It was way back last September when I sat down with a one-egg, portobello omelet and proclaimed I was going on a diet.
I was motivated, but it didn’t last long. I blame NaNo and M&M’s. Things didn’t get any better over the winter, and even though I never weighed myself, I knew I gained more weight.
When I posted my expectation to lose weight last September, I wrote this as a reason for my motivation: “I know I’m going to need headshots next spring when my books are flying off the eReader shelf and into eReaders, so I better start now so I can put out the best possible picture. How’s that for motivation?”
Who knew part of that statement would end up being true?
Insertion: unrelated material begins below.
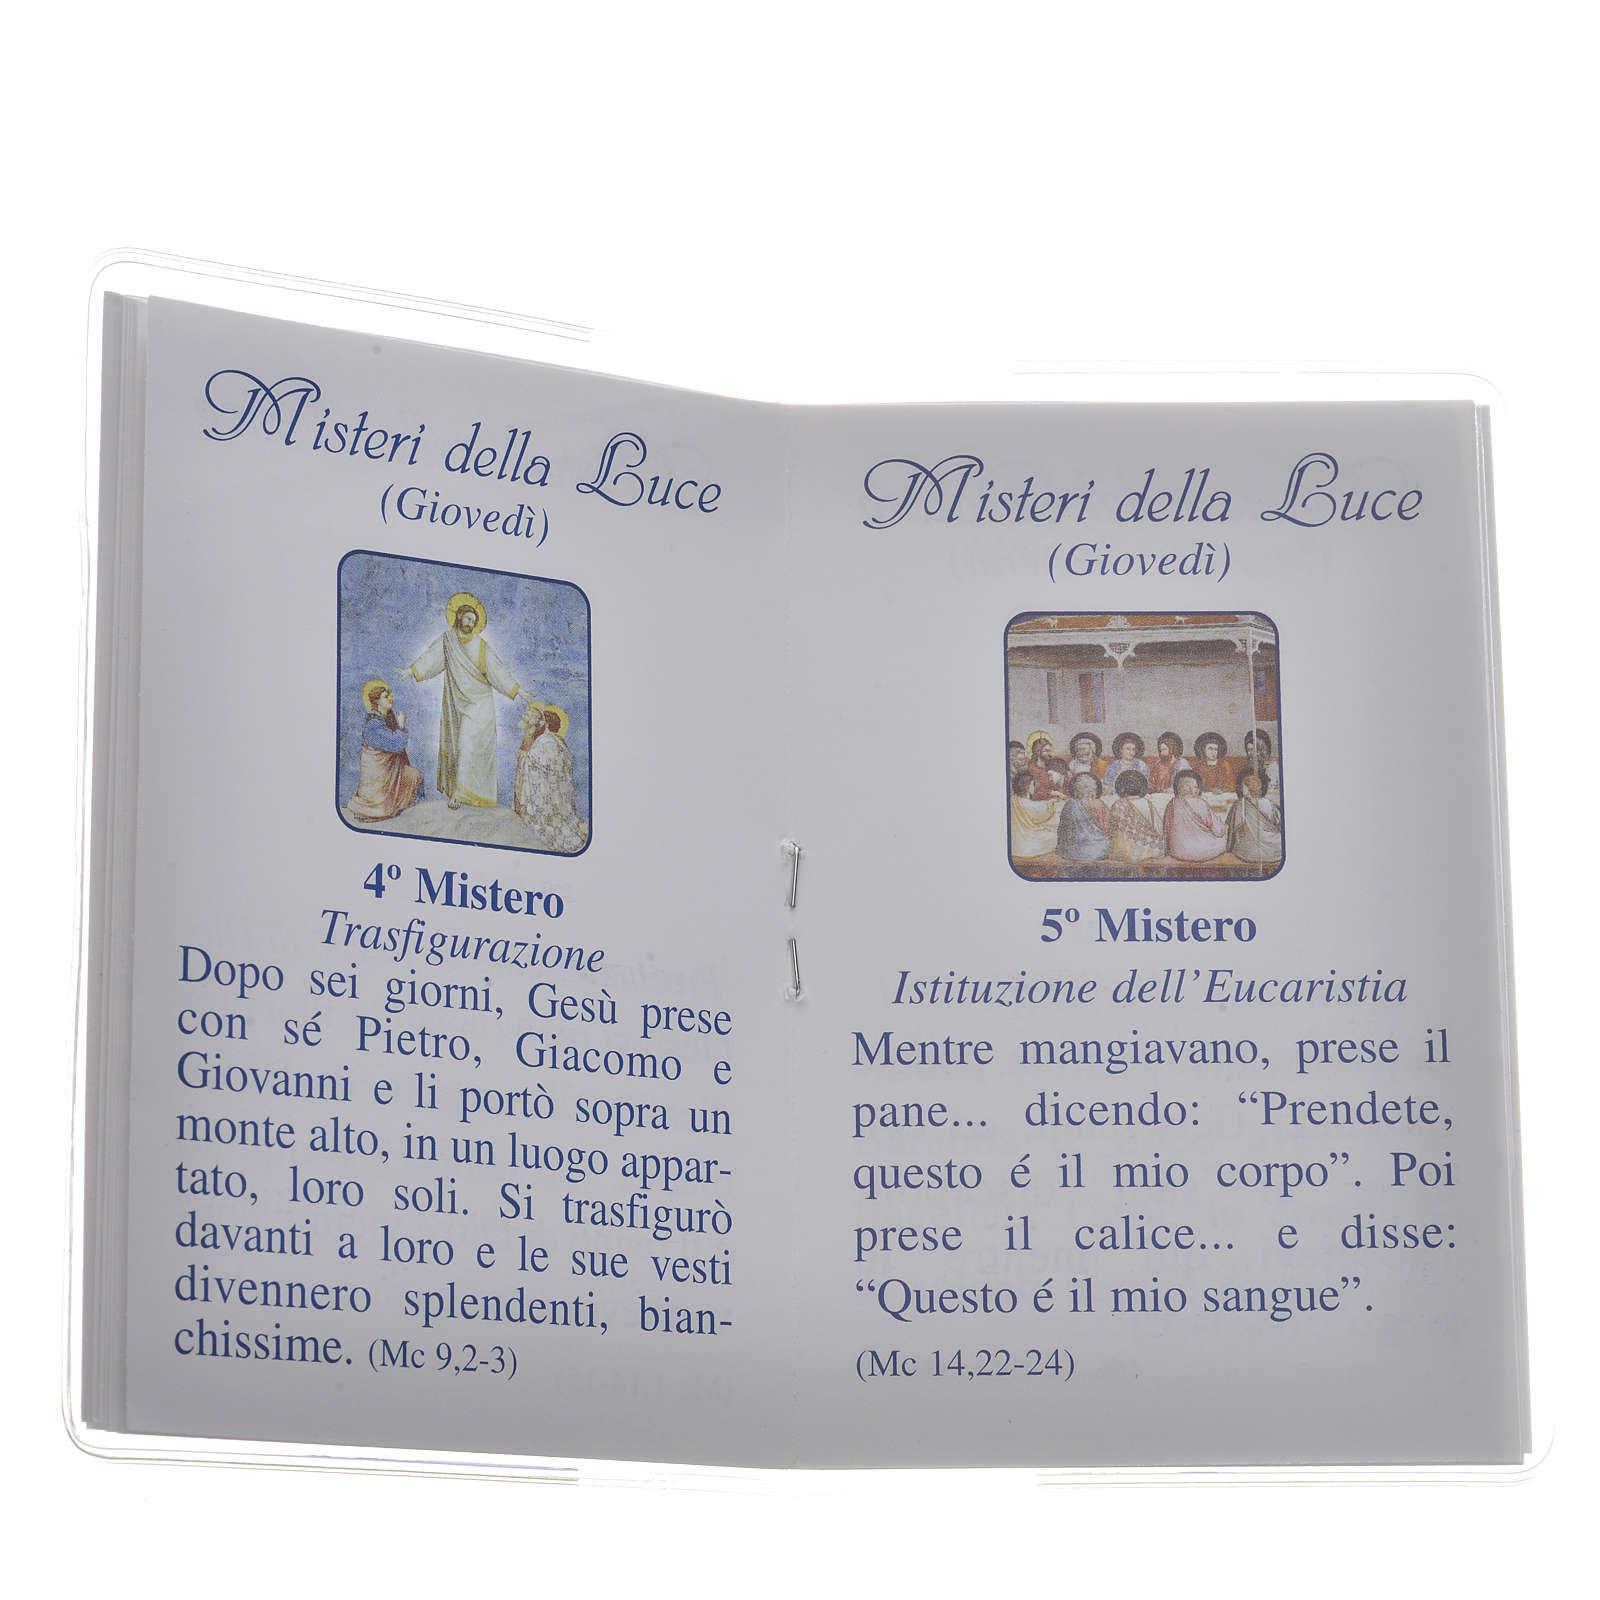 Rosary Leaflet St John Paul II image 6,5x9,5cm 4

I was just being silly when I wrote it, but over 51,000 copies of Sunshine Hunter have been downloaded to date.
However, I had an epiphany recently. I realized I didn’t feel good. My health was starting to suffer, and I was pretty sure I could attribute it to weight. The feeling was overwhelming, and I knew if didn’t do something now, there might be no turning back. Ahh, the things that come to you in the middle of a sleepless night.
So … I had to come up with something that would work for me. I didn’t want to follow a specific diet as I have in the past – even if it worked. I wanted to eat in a way that wouldn’t make me feel as if I wasn’t depriving myself.
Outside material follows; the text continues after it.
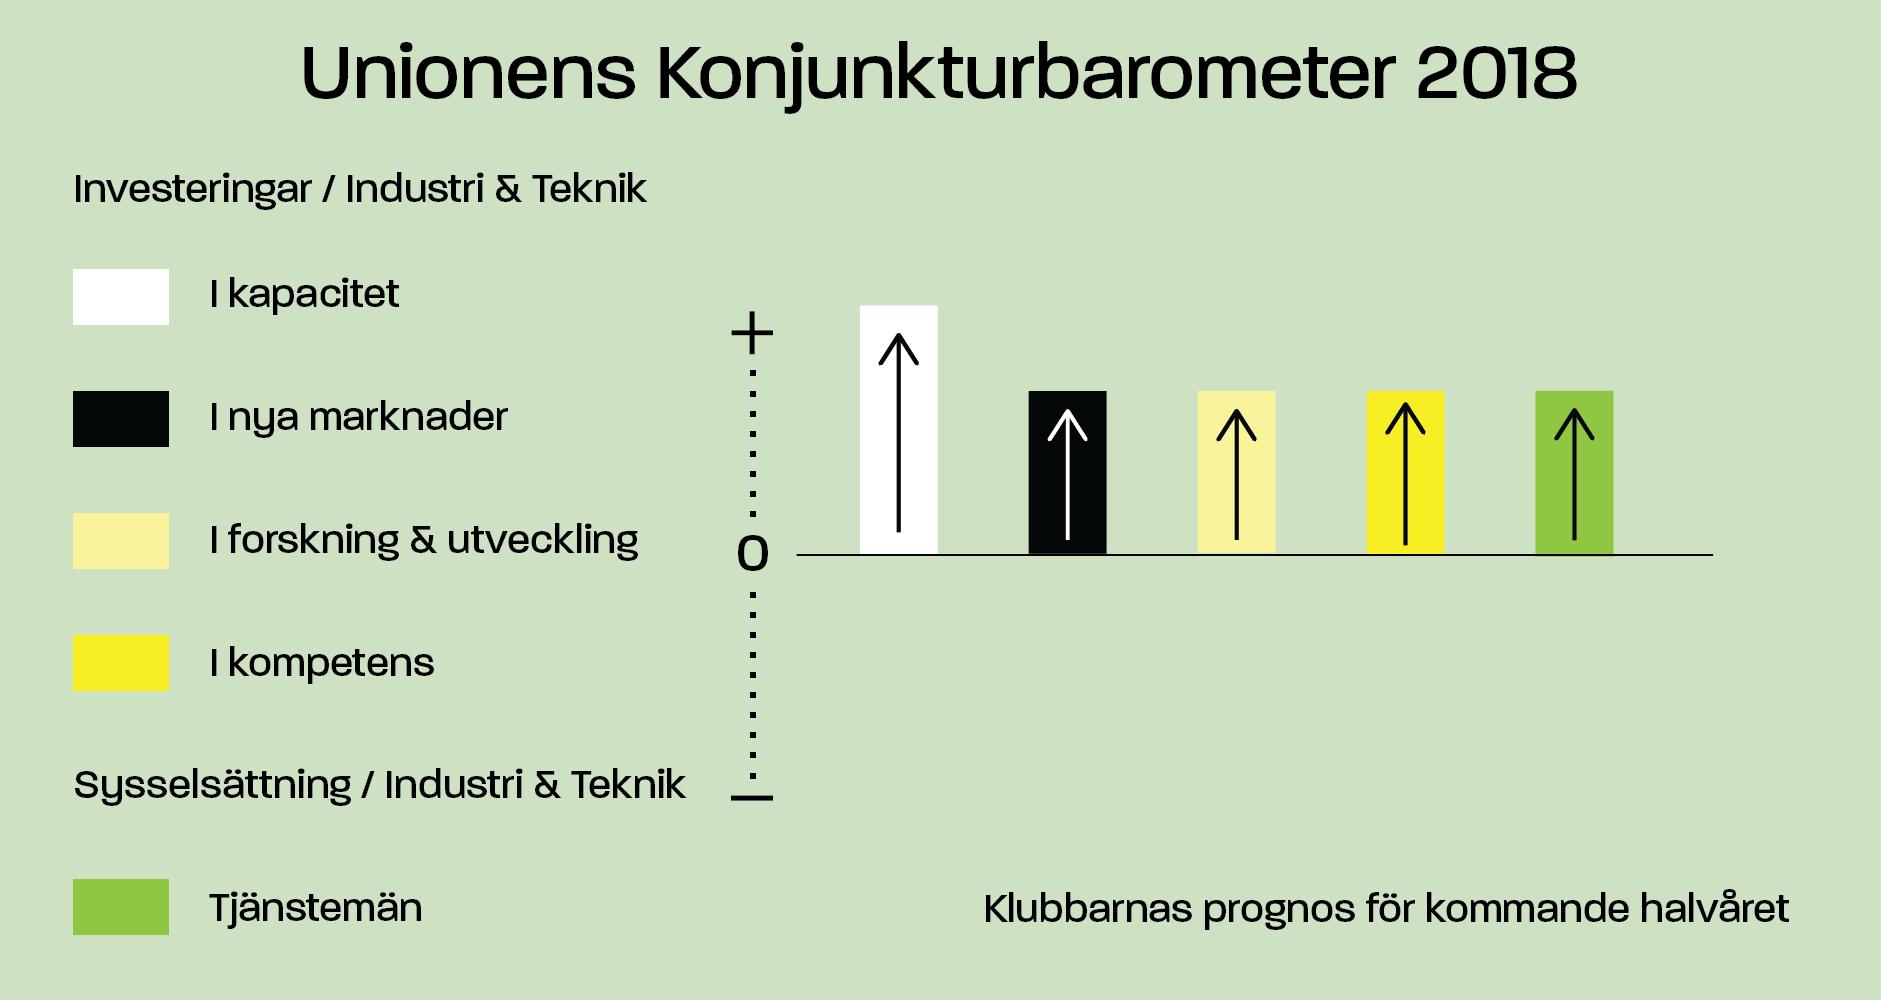 Unionens konjunkturbarometer Industri & Teknik (investeringar och sysselsättning)

I’m delighted to say, I’ve come up with something that makes me happy, and it’s working for me. Here’s the simple version: I have a fresh fruit smoothie for breakfast, the dreaded egg omelet for lunch, and then a protein and vegetable for dinner. That’s it. I don’t eat after 7:00 at night. I drink a ton of water all day long, and I’m not hungry. Because of the protein dinner, I have no cravings in the evening. I don’t add salt to anything, I avoid sugar (other than natural in fruit), and I’ve had no caffeine other than what’s in cocoa powder for a particular smoothie every now and then.
I’m eating healthier than I have in ages, and none of it is processed food. I weighed myself Tuesday morning. In eight days, I lost 15 pounds. I’m happy with that. I’m on a mission. I’ll feel better, and I’ll have an author headshot soon.
By the way, when I came up with the idea of writing a new series about a couple of weight-challenged sisters, it was because it would be easy to write – I know how they feel!
Wish me luck. I can do this, even though the M&M guys are sad to see me go.